I’m nodding along on the basic claims (I think), but still trying to digest the implications. I think one of the things I’m taking away from this is that even though human architecture is different, this failure mode applies and is really common. Not sure what to make of that yet.
(If we’re talking about what a sealed “country of human geniuses” could do over the course of, like, one minute, rather than over the course of 100 years, then, yeah sure, maybe that could be reproduced with future LLMs! See von Oswald et al. 2022 on how (so-called) “in-context learning” can imitate a small number of steps of actual weight updates.[1])
Am I correct in understanding you to be pointing at a practical rather than a theoretical limitation here?
Is the reason that you think it could work for a minute but not 100yr a practical matter of efficiency or one that has a more fundamental limitation that you couldn’t get around with infinite context window/training data/etc?
Will the trained imitation-learner likewise keep improving over the next 10M moves, until it’s doing things wildly better and different than anything that it saw its “teacher” deep Q network ever do? My answer is: no.
Even with a context window that contains all 10M moves, or do you mean within reasonably limited context windows?
It seems like the answer with unlimited context would depend on whether the transformer was able to model the teachers learning process itself. I don’t see any reason this shouldn’t be possible in theory, do you?

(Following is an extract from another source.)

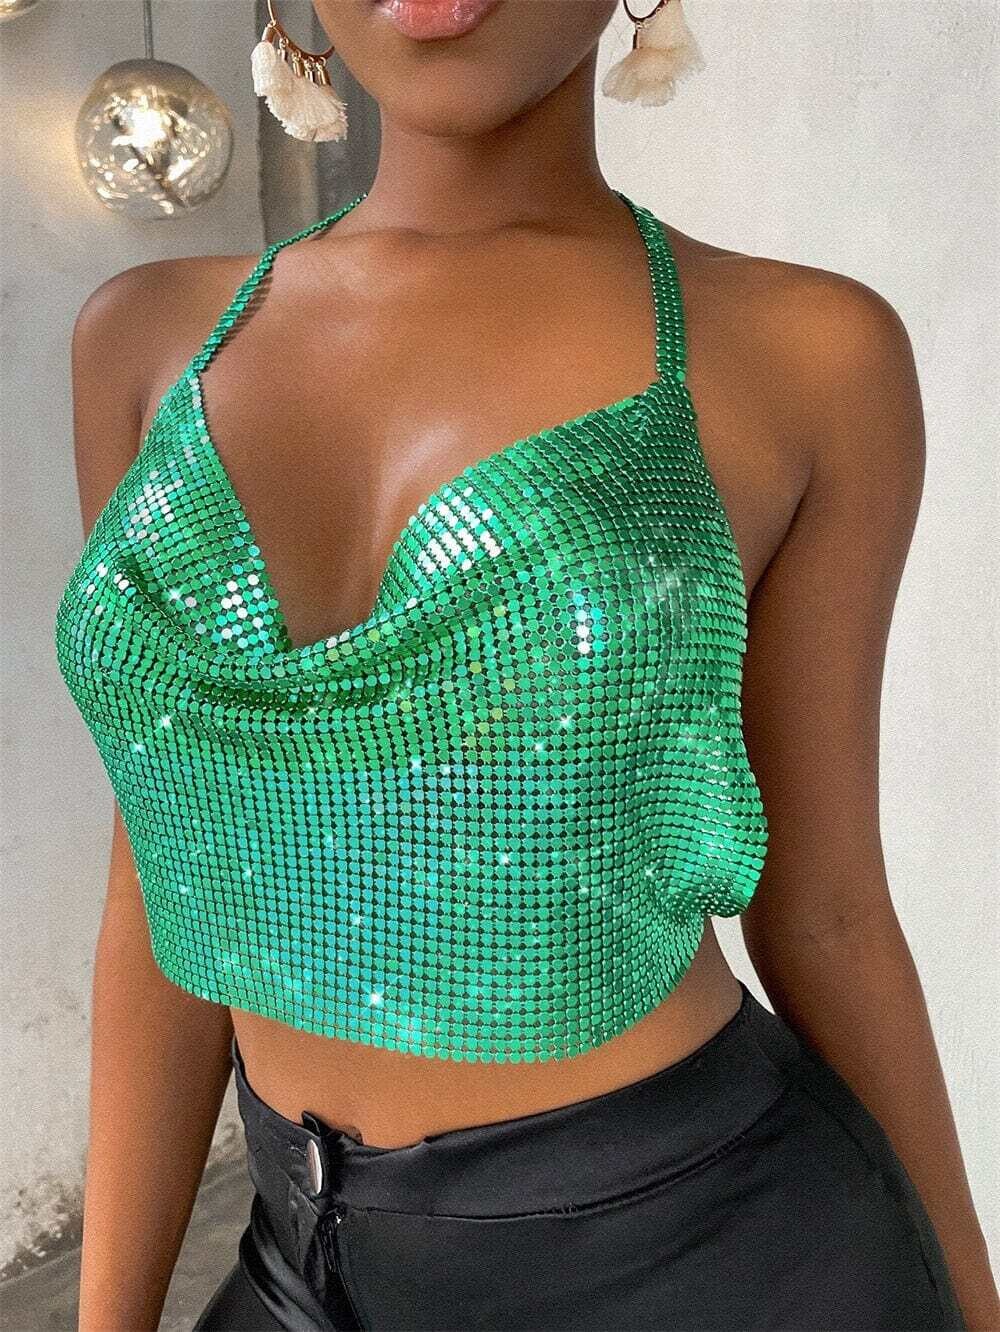 SRUBY Sexy Party Crop Top Sequined Halter Rhinestone Crop Top Women Summer Beach Party Club Top Backless See Through Ladies Tops

The part that’s not clear to me is that giving Grog a database of 1000 textbooks is just as good as walking him through and explaining the contents of 1000 textbooks within a long context window, for a Grog with an impractically large brain. Or rather, I know that it’s not the same, but I don’t know what the limits are or how they work. When Claude switched from reading book length pastes serially to “having them available”, the difference was very obvious. It switched from learning the material as well as a human to the sort of incompetence you’d expect from someone who has the book but hasn’t actually done the reading.
I’m with you on “Grog would need to spend years developing a deep understanding of optics and lasers and so on”, but it’s not obvious to me that the years of going through 1000 textbooks in one impractically large context window can’t simulate the learning process itself, and through that simulate a deep understanding of optics and lasers even in theory.
I don’t see you make an argument for why simulation of the learning process itself isn’t possible. I see you concede that “(so-called) “in-context learning” can imitate a small number of steps of actual weight updates”, but I don’t see an explanation of how tight this bound is, exactly, or how it works. Maybe I’m just being a dummy and missing it, or maybe it seems obvious to you because you’ve been thinking about this kind of thing more than I have and so some of the arguments are implicit in ways that aren’t coming across. Either way, pointing to a reason that the learning process itself isn’t something that could be simulated in an astronomically large context window would be a thing you could add which would help me understand.